SELECT c.c_name as customer_name,
       sum(l.l_extendedprice * (1 - l.l_discount)) as total_sales
FROM   snowflake_sample_data.tpch_sf1.lineitem l join snowflake_sample_data.tpch_sf1.orders o
        ON l.l_orderkey = o.o_orderkey join snowflake_sample_data.tpch_sf1.customer c
        ON o.o_custkey = c.c_custkey
GROUP BY customer_name
ORDER BY total_sales desc limit 5;
""")

Using model gpt-3.5-turbo for 147.5 tokens (approx)
Question generated with sql: What are the top 5 customers in terms of total sales? 
Adding SQL...

Connect to the Database¶

This is the database that will be used to run the generated SQL queries against. Here we're connecting to Snowflake.

In [ ]:

vn.connect_to_snowflake(account='my-account', username='my-username', password='my-password', database='my-database')

Begin Asking Questions¶

There is an automatic feedback loop here so when you ask a question that results in SQL that can execute, it will automatically be added to the context database and used to train the model.

In [5]:

vn.ask("What are the top 10 customers by sales?")

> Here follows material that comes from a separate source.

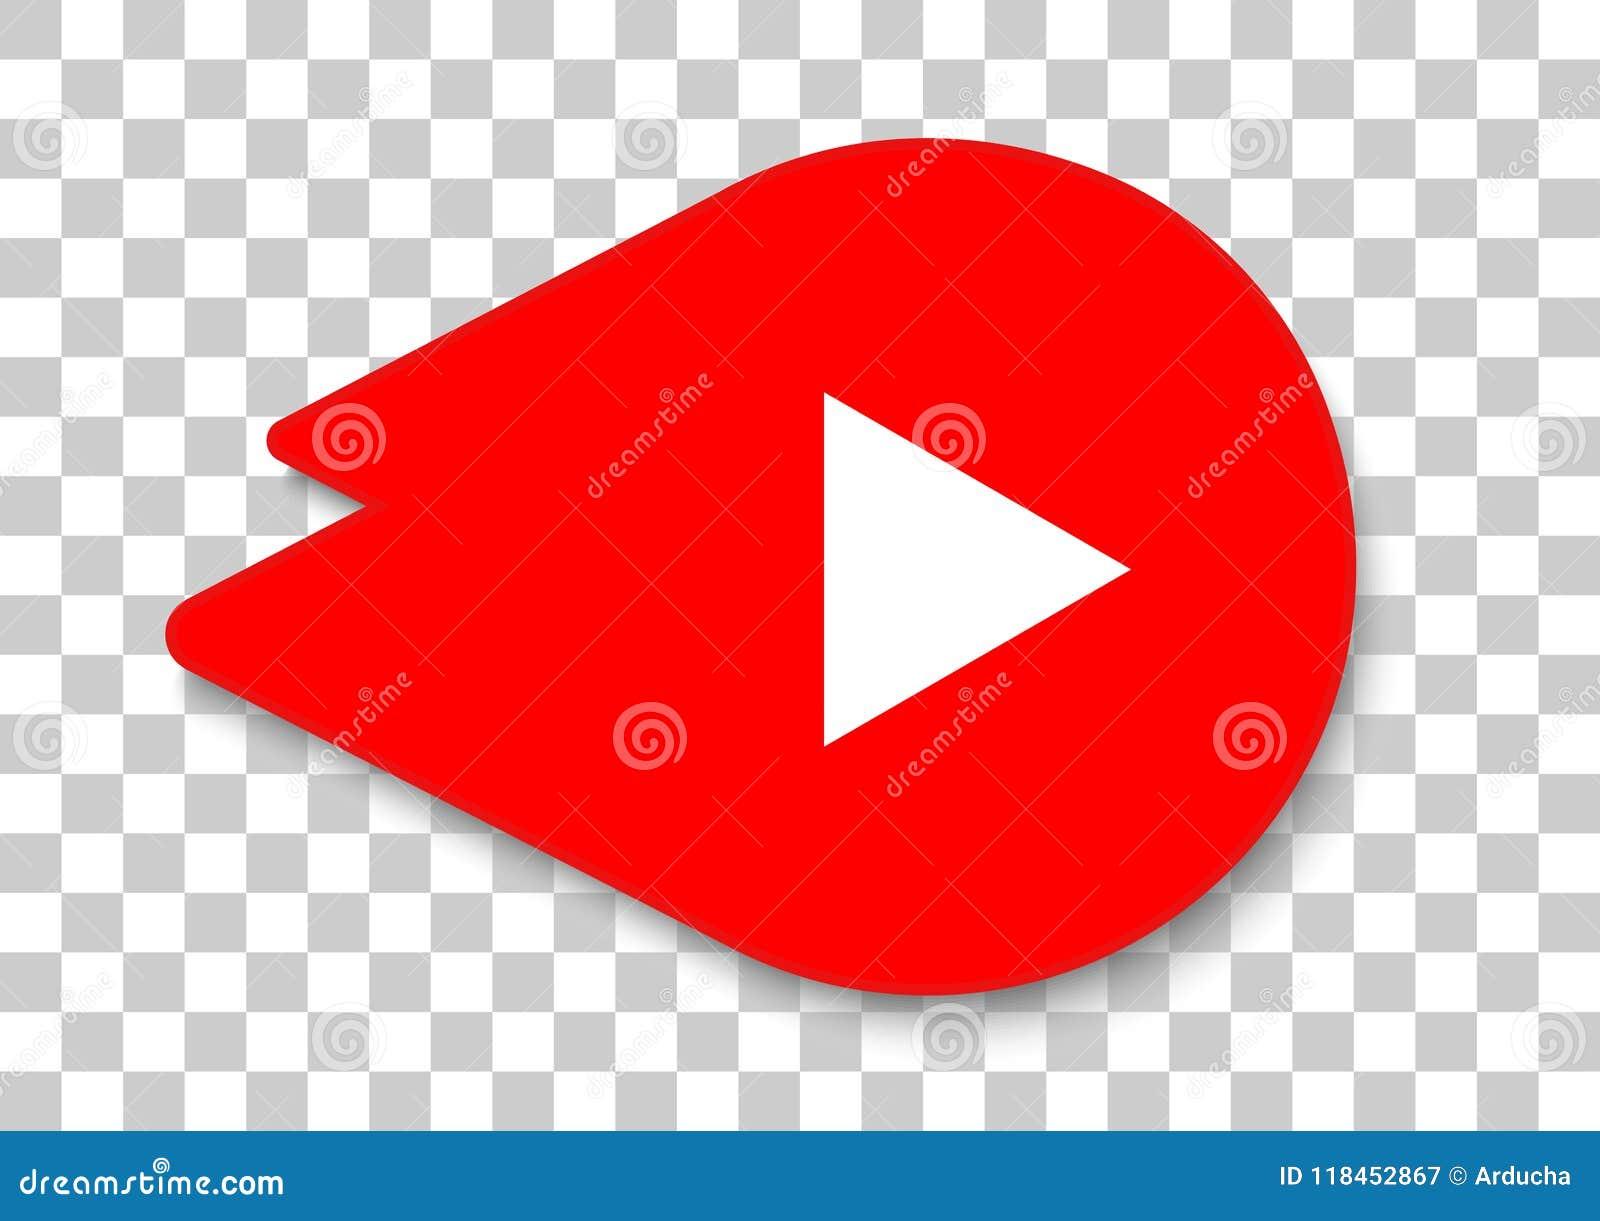 Youtube go icon apk editorial photography  Illustration of

Number of requested results 10 is greater than number of elements in index 1, updating n_results = 1

Using model gpt-3.5-turbo for 167.0 tokens (approx)
SELECT c.c_name as customer_name,
       sum(l.l_extendedprice * (1 - l.l_discount)) as total_sales
FROM   snowflake_sample_data.tpch_sf1.lineitem l join snowflake_sample_data.tpch_sf1.orders o
        ON l.l_orderkey = o.o_orderkey join snowflake_sample_data.tpch_sf1.customer c
        ON o.o_custkey = c.c_custkey
GROUP BY customer_name
ORDER BY total_sales desc limit 10;

	CUSTOMER_NAME	TOTAL_SALES
0	Customer#000143500	6757566.0218
1	Customer#000095257	6294115.3340
2	Customer#000087115	6184649.5176
3	Customer#000131113	6080943.8305
4	Customer#000134380	6075141.9635
5	Customer#000103834	6059770.3232
6	Customer#000069682	6057779.0348
7	Customer#000102022	6039653.6335
8	Customer#000098587	6027021.5855
9	Customer#000064660	5905659.6159

Using model gpt-3.5-turbo for 259.25 tokens (approx)
huggingface/tokenizers: The current process just got forked, after parallelism has already been used. Disabling parallelism to avoid deadlocks...
To disable this warning, you can either:
	- Avoid using `tokenizers` before the fork if possible
	- Explicitly set the environment variable TOKENIZERS_PARALLELISM=(true | false)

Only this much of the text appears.